Data Strategy

Self-Service Analytics Promised to Put Data in Everyone's Hands
It didn't. But I think we're finally getting it right.

I was a Tableau certified trainer in the thick of the self-service analytics movement. I believed in it completely. Here's what I actually learned from training people across manufacturing, healthcare, and aerospace, and why AI finally changes the picture.

6 min read Data strategy Point of view

The bet the industry made

Around 2010, the data world made a big bet. The idea was that you could put analytics tools directly in the hands of business users and get rid of the bottleneck. No more waiting three weeks for IT to build a report. No more translating your business question into a ticket that came back with something completely different. Tools like Tableau, Qlik, and later Power BI were going to change all of that. Drag a field, drop it on a canvas, see your data. Everyone becomes their own analyst.

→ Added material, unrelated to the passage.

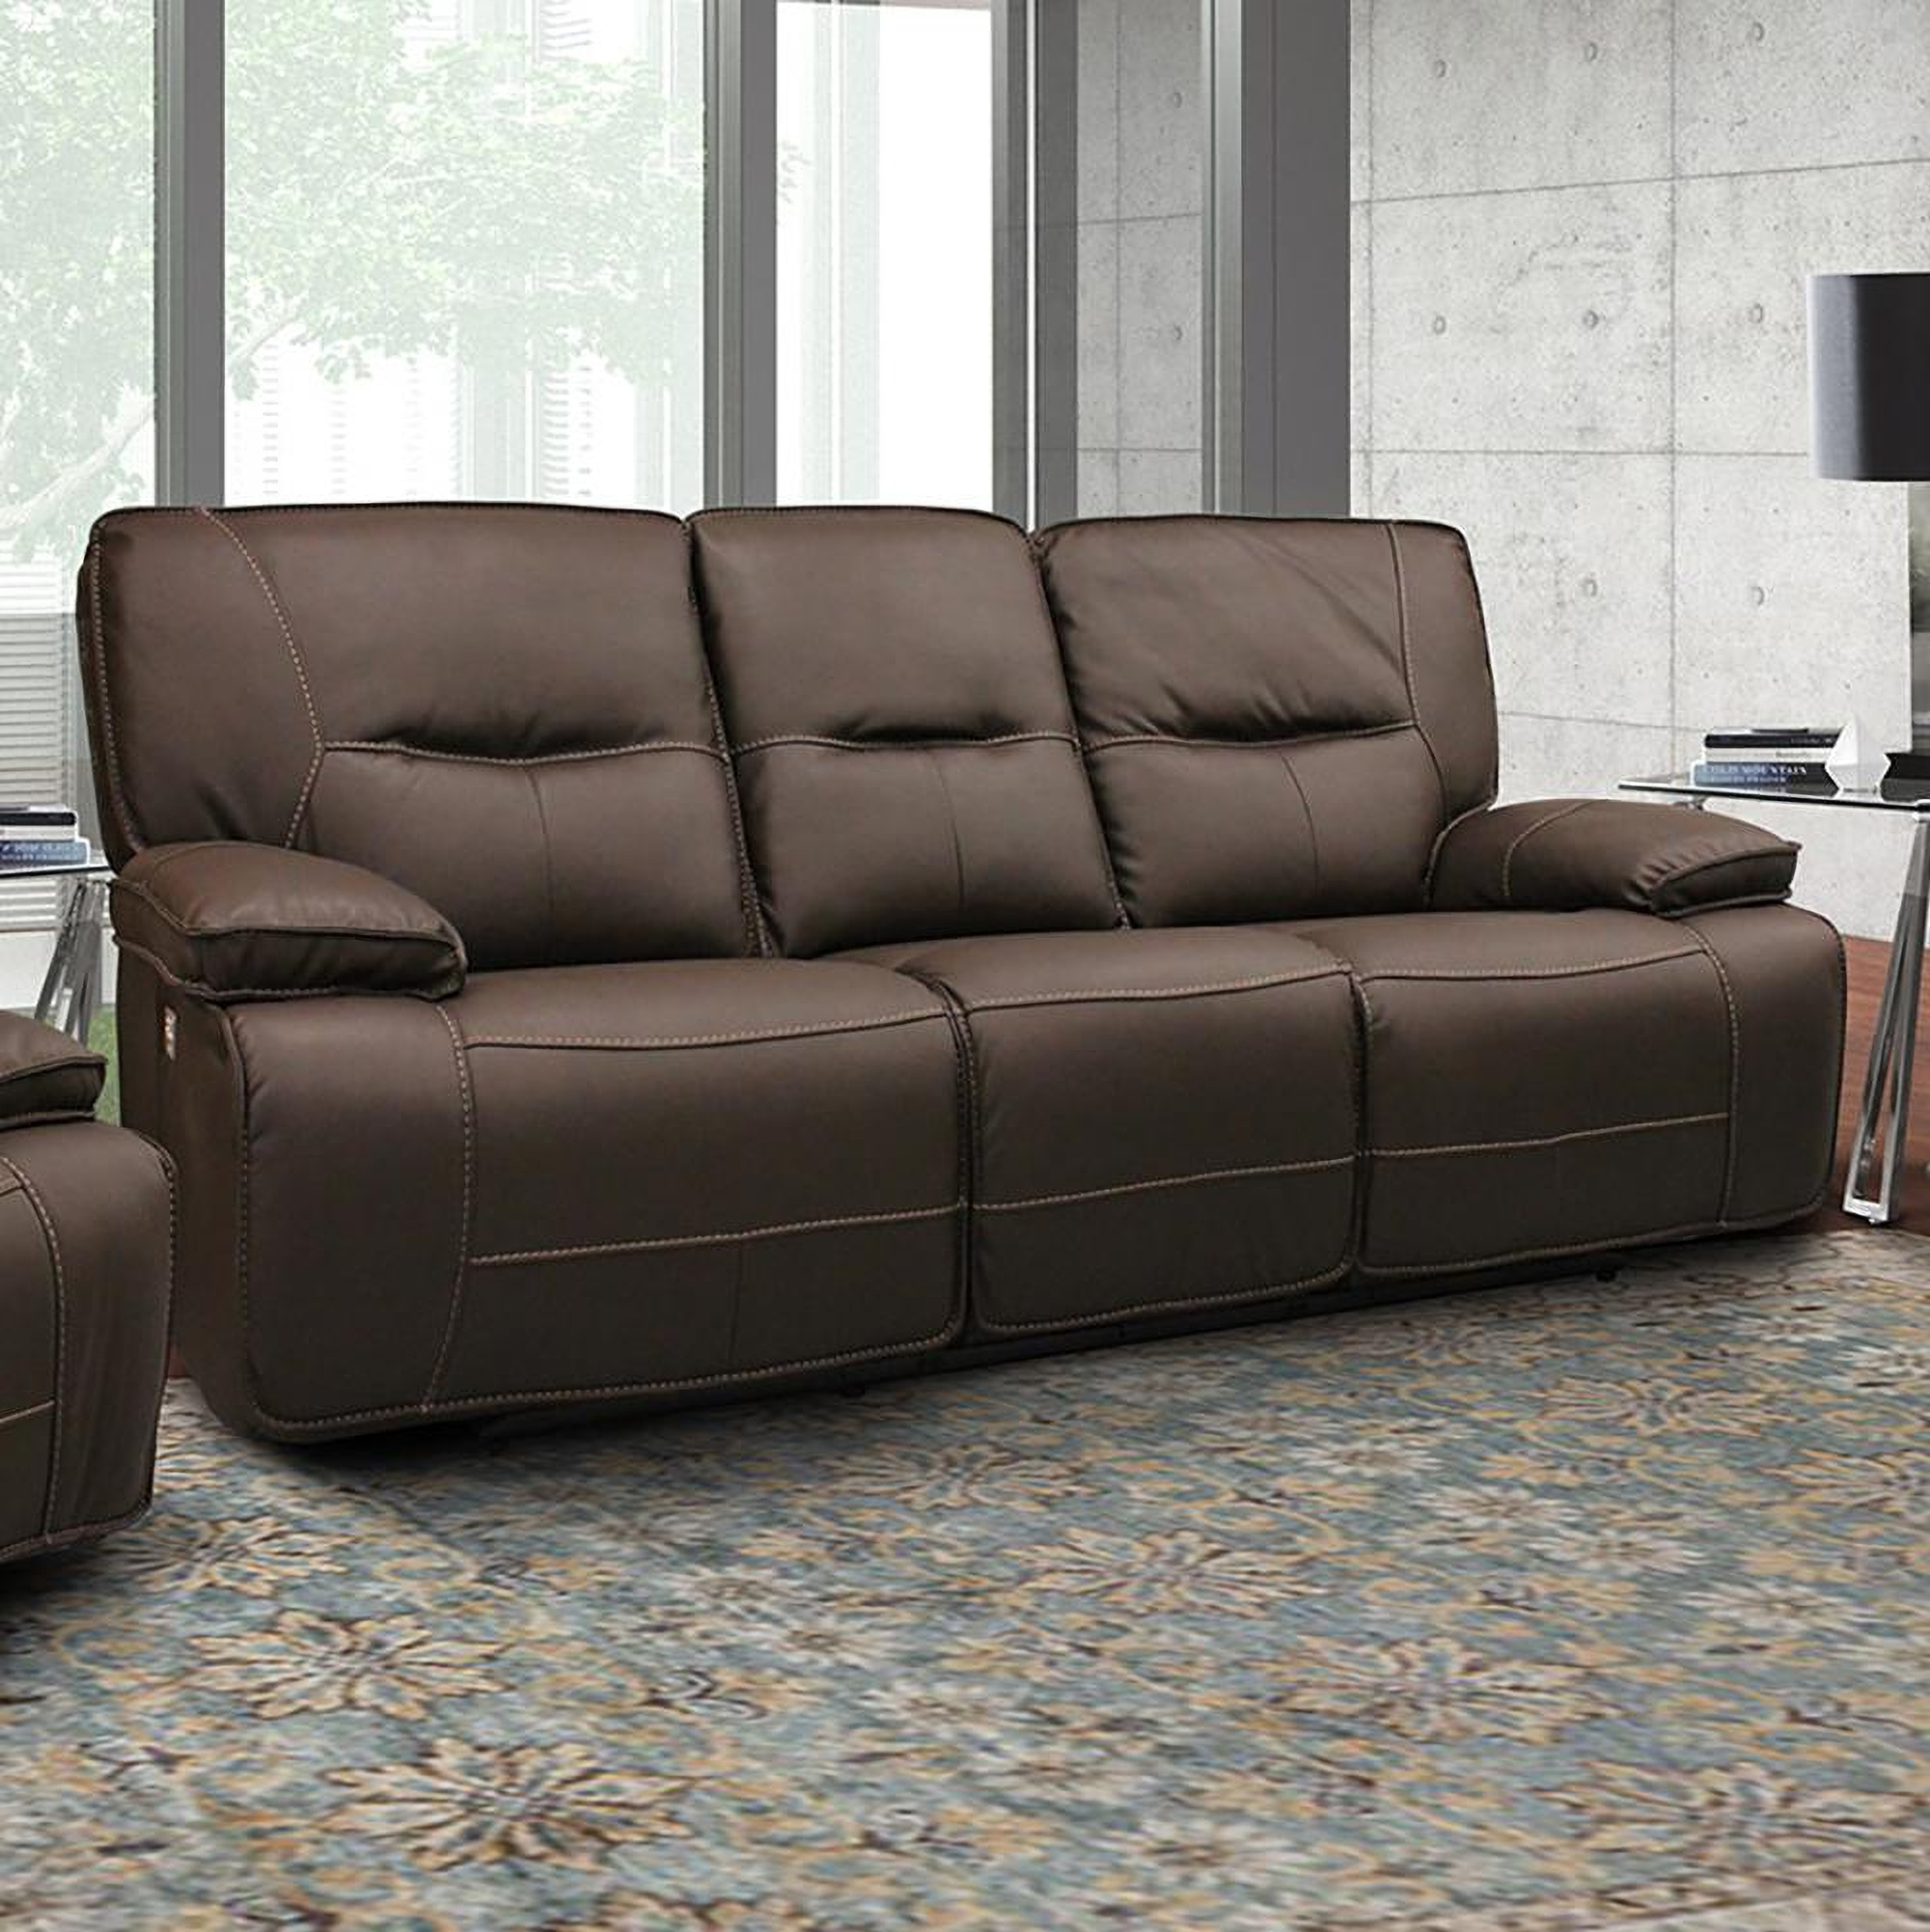 https://cdn.1stopbedrooms.com/media/catalog/product/s/p/spartacus-chocolate-dual-power-reclining-sofa-with-power-headrest_qb1252800.jpg

It was a compelling vision. I believed it. I was inside it.

I was selling it, and I was all in

I spent years as a certified Tableau partner running training for organizations across the country. Big companies, small companies, manufacturing plants, hospital systems, aerospace. I was certified, I was teaching, and honestly I was drinking the Kool-Aid. The product was genuinely exciting. When you watched someone build their first dashboard and see their own data come to life in a way they couldn't before, it felt like a real breakthrough.

But I kept seeing the same thing happen. The training would go well. People would leave feeling capable. And then a few months later, the conversations would start. The dashboard isn't quite right. Can you help me add this calculation? The data looks off but I'm not sure why. And almost always: this is harder than I expected.

Tableau was really easy, until it wasn't. And for most business users, "until it wasn't" came pretty fast.

The wall that everyone hit

Here's what I came away thinking after years of training: we didn't have a tool problem and we didn't have a data problem. What we had was a time problem.

Tableau is genuinely one of the best products ever built in the analytics space. I've been using it for probably ten years now and there are still things that make me stop and think. And that's me, someone who has logged thousands of hours in the product. We can't expect a buyer, a planner, a sales VP, or an operations manager to get anywhere near that level of fluency. It just isn't realistic.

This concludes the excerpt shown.